The primary treatment for those volunteers who are experiencing vicarious traumatization is to temporarily have them refrain from the volunteer activities that precipitated the condition. It may be very difficult to help volunteers acknowledge that they are experiencing vicarious traumatization, but it’s essential that their supervisor and/or colleagues help them recognize what’s going on.
If they continue to volunteer, their effectiveness will likely be compromised as will their future ability to help. Burnout is the inevitable outcome of unrelieved vicarious traumatization. Once volunteers have reached that point, they will be unable to be helpful and they greatly increase the risk to themselves of physical and/or emotional disorders.

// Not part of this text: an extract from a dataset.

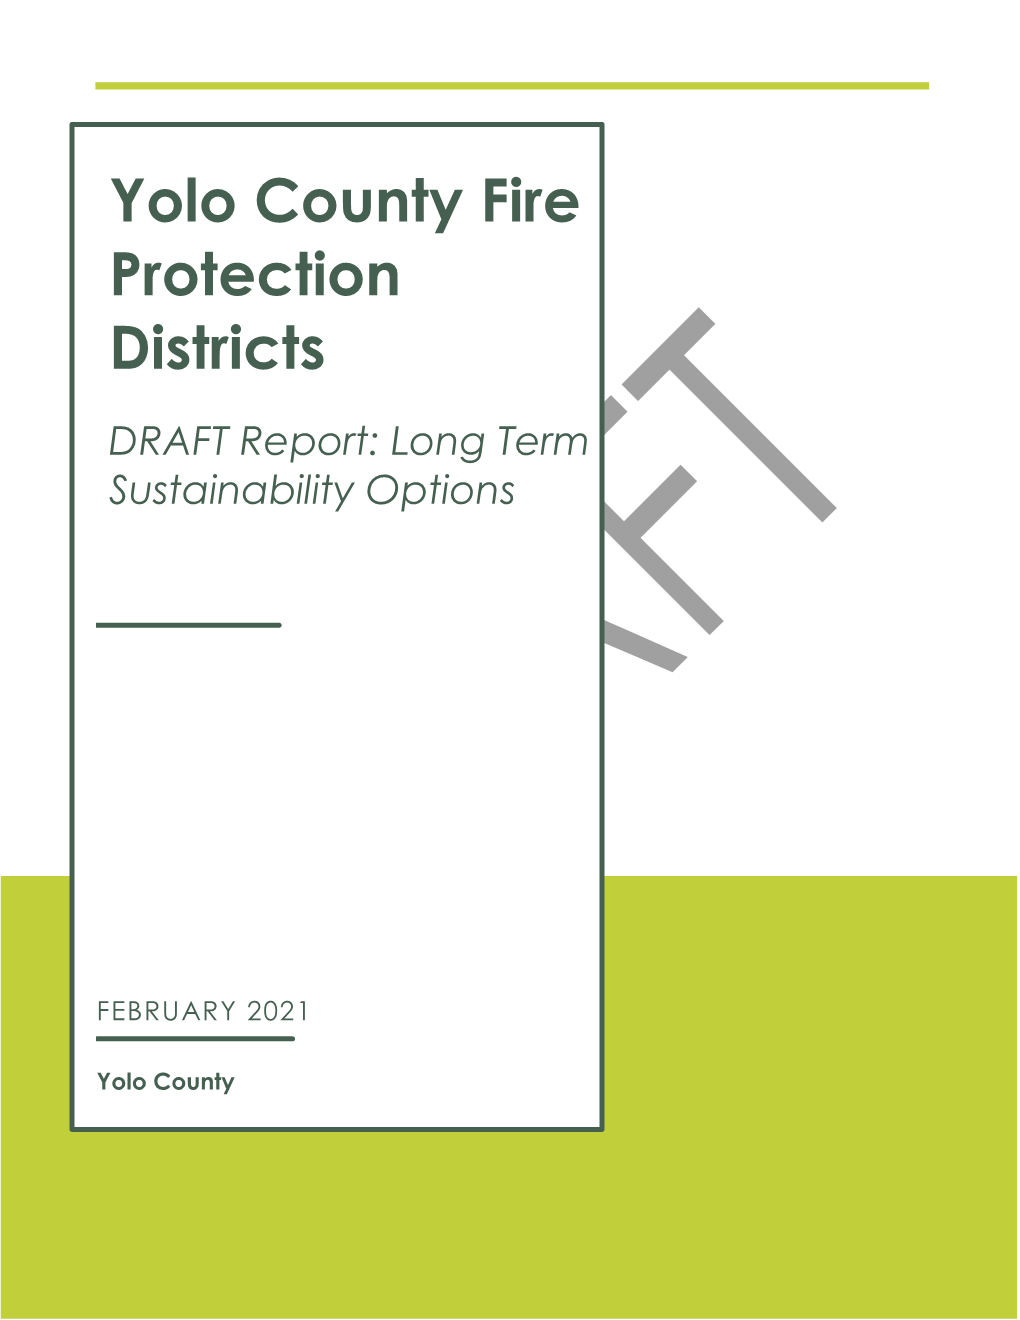 Yolo County Fire Protection Districts

If vicarious traumatization is caught early, a brief break involving rest and recreation may be all that’s needed. If it has been allowed to progress, a longer period of recovery will likely be needed. During that time it will be important for the volunteers to address any of the unhealthy coping mechanisms they may have been utilizing. Treatment for substance abuse may be necessary.
A complete physical examination might well be called for to catch any physiological consequences of vicarious traumatization. Medication for anxiety and/or depression might be called for. Learning to spend time each day in activities geared toward physical, emotional, mental, and spiritual renewal can be helpful.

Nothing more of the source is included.